Moving from “Pat on the Head” Donors to Impactful Partnerships

For many nonprofits, the majority of donations come from small, habitual gifts that require little effort to secure but do little to advance the mission. These “pat on the head” donors give to feel good but aren’t deeply invested in outcomes. To achieve real impact, fundraisers must move these donors to become true partners.

According to fundraising experts Russell James and Jim Langley, building meaningful relationships is key.

Conduct in-depth “listening” interviews to understand donors’ motivations, values, and capacity for giving. Ask open-ended questions about their interests and how they’d like to see your organization’s work unfold.

This shows them respect, builds trust, and helps determine if their goals align with your own.

With this knowledge, suggest opportunities for more substantial gifts that will achieve shared goals. For example, offer to “sponsor” or fund specific programs or initiatives. Use a “per diem” framework that breaks down larger gifts into digestible amounts that match what certain activities cost. This helps donors visualize the impact of their giving in a very concrete way.

Follow up with gratitude

Follow up interviews and the resulting gifts with sincere gratitude and reports on the difference they’re making. As Jim Langley said: “It’s not just, you know, chats but it was actually some type of format to it, or maybe they weren’t framed in that way that professor James was talking about where they weren’t predicting their future behavior.” Ask more questions to keep the dialogue going and reaffirm the partnership.

While resource intensive, investing in advancement pays off. According to University of Pennsylvania researchers, fundraising expenditures strongly correlated with fundraising revenue for arts and culture organizations. For every $1 spent, organizations raised between $2 to $8. Moving “pat on the head” donors up the giving ladder is the key to unlocking this potential.
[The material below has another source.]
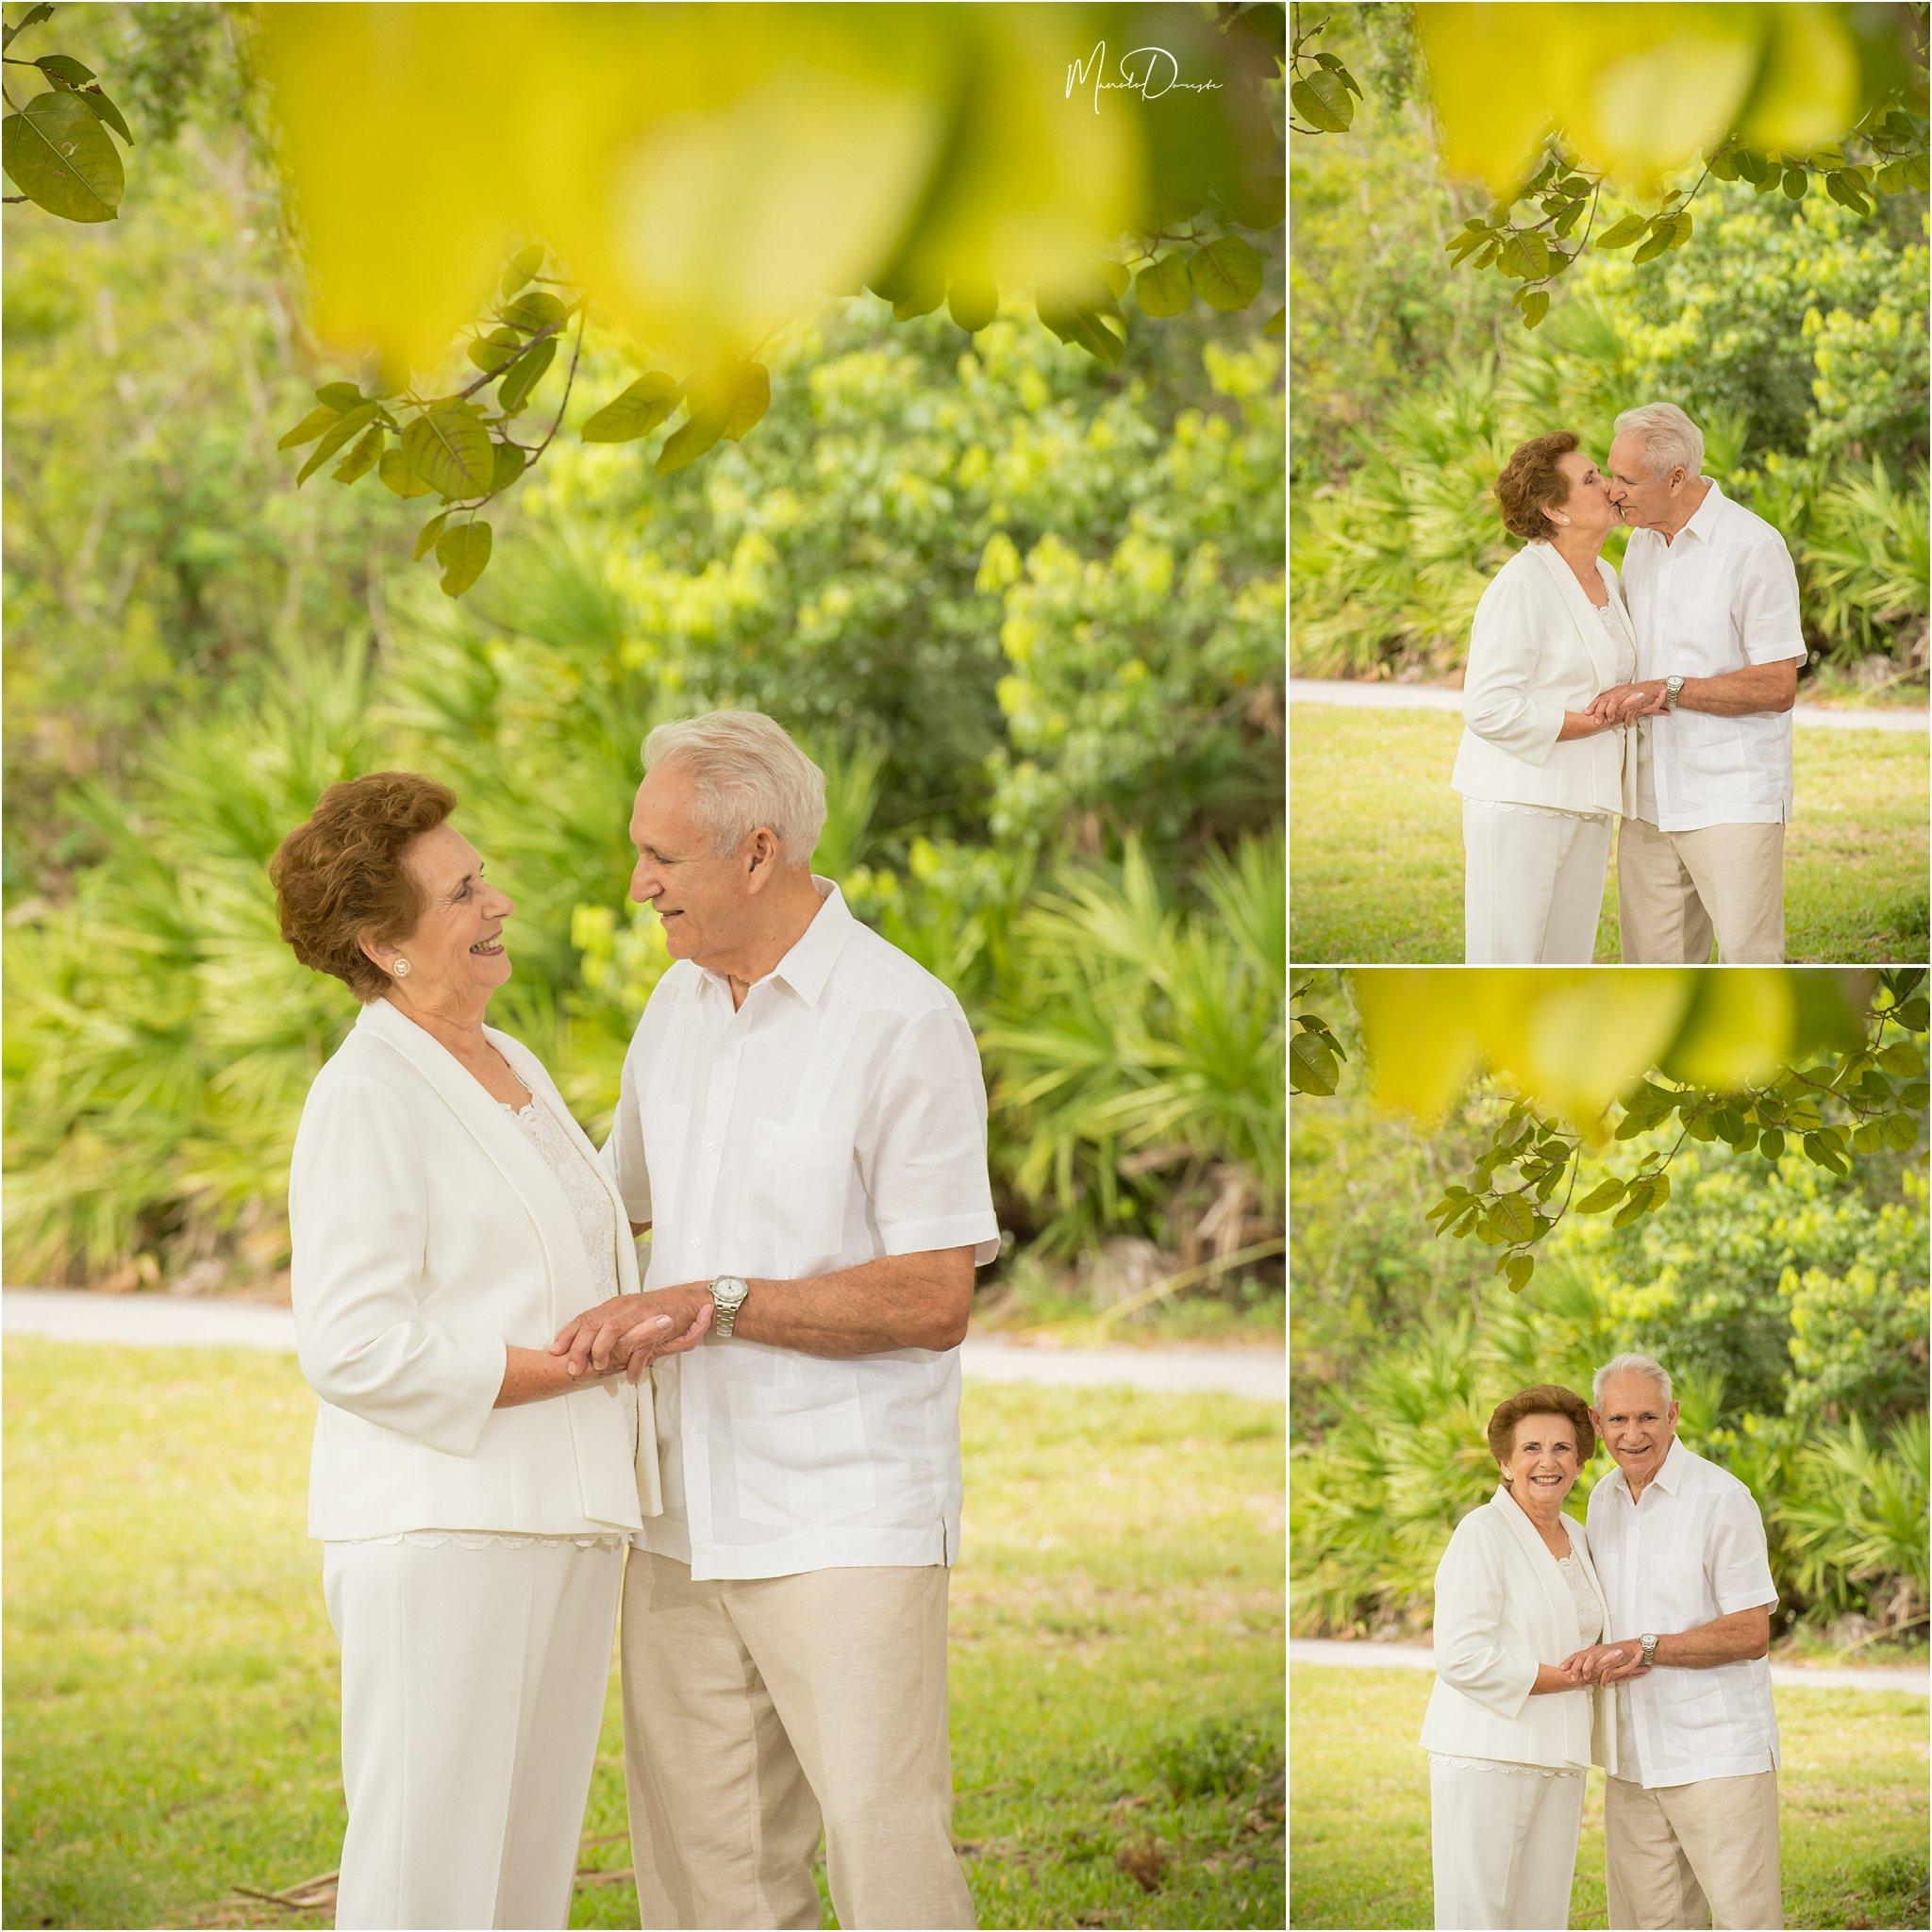 0556_ManoloDoreste_InFocusStudios_Wedding_Family_Photography_Miami_MiamiPhotographer.jpg
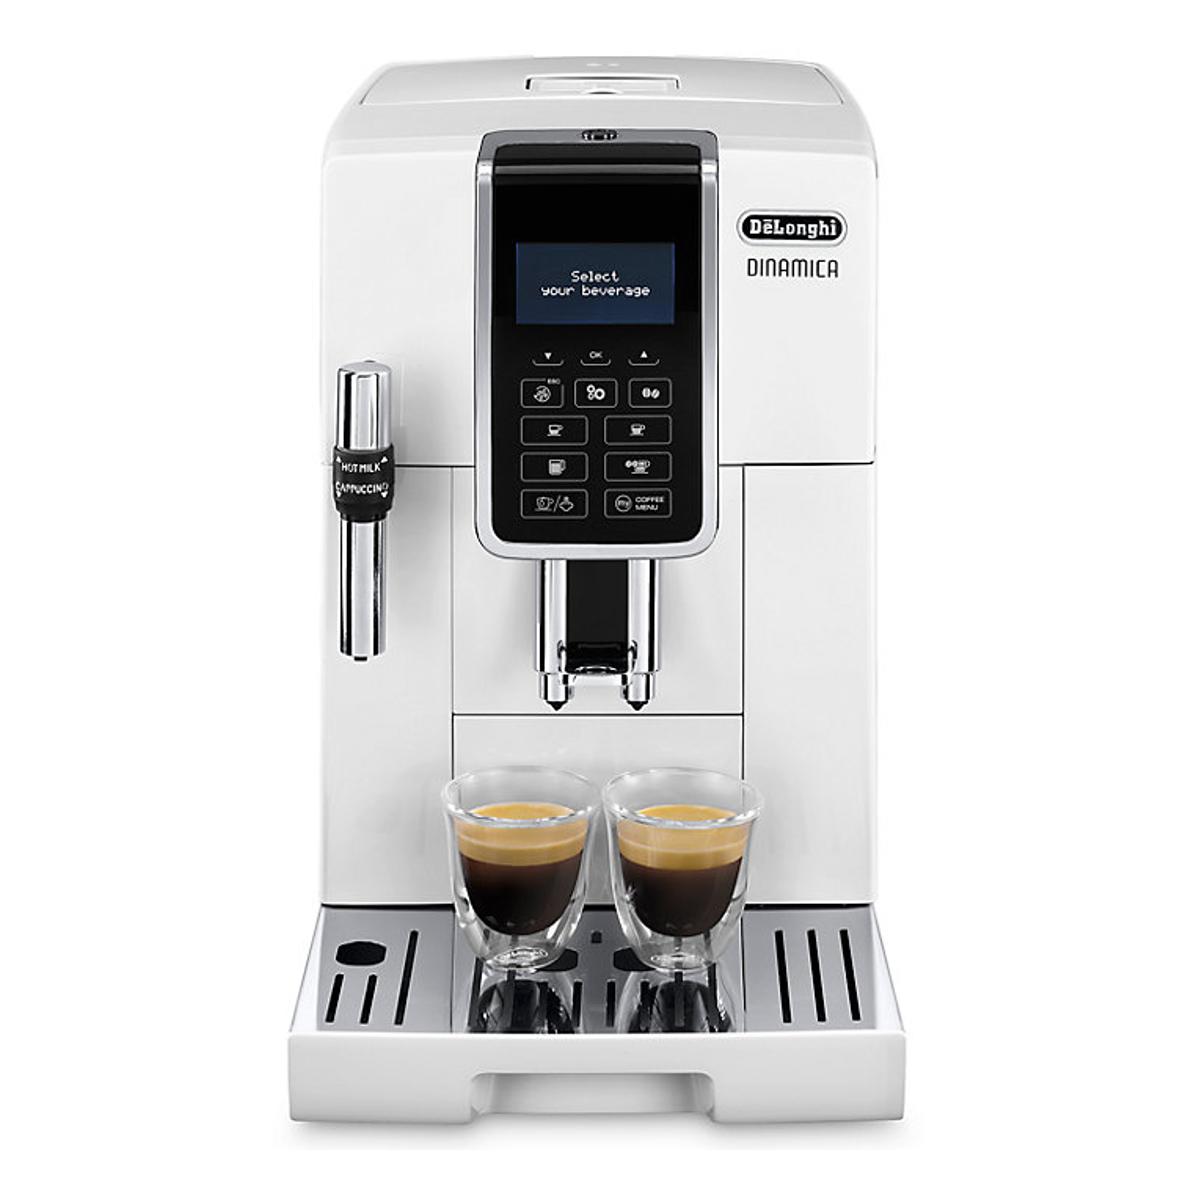 De Longhi Dinamica Ecam350 35 W Coffee Maker

Authentic relationships, active listening, and framing gifts around impact are timeless fundamentals of fundraising success.

In today’s evolving philanthropic landscape, they are more important than ever for turning casual contributors into real partners for change. With vision and persistence, nonprofits can achieve so much more by moving beyond “pat on the head” and towards true partnership.

View the full recording of this session in our Resource Library.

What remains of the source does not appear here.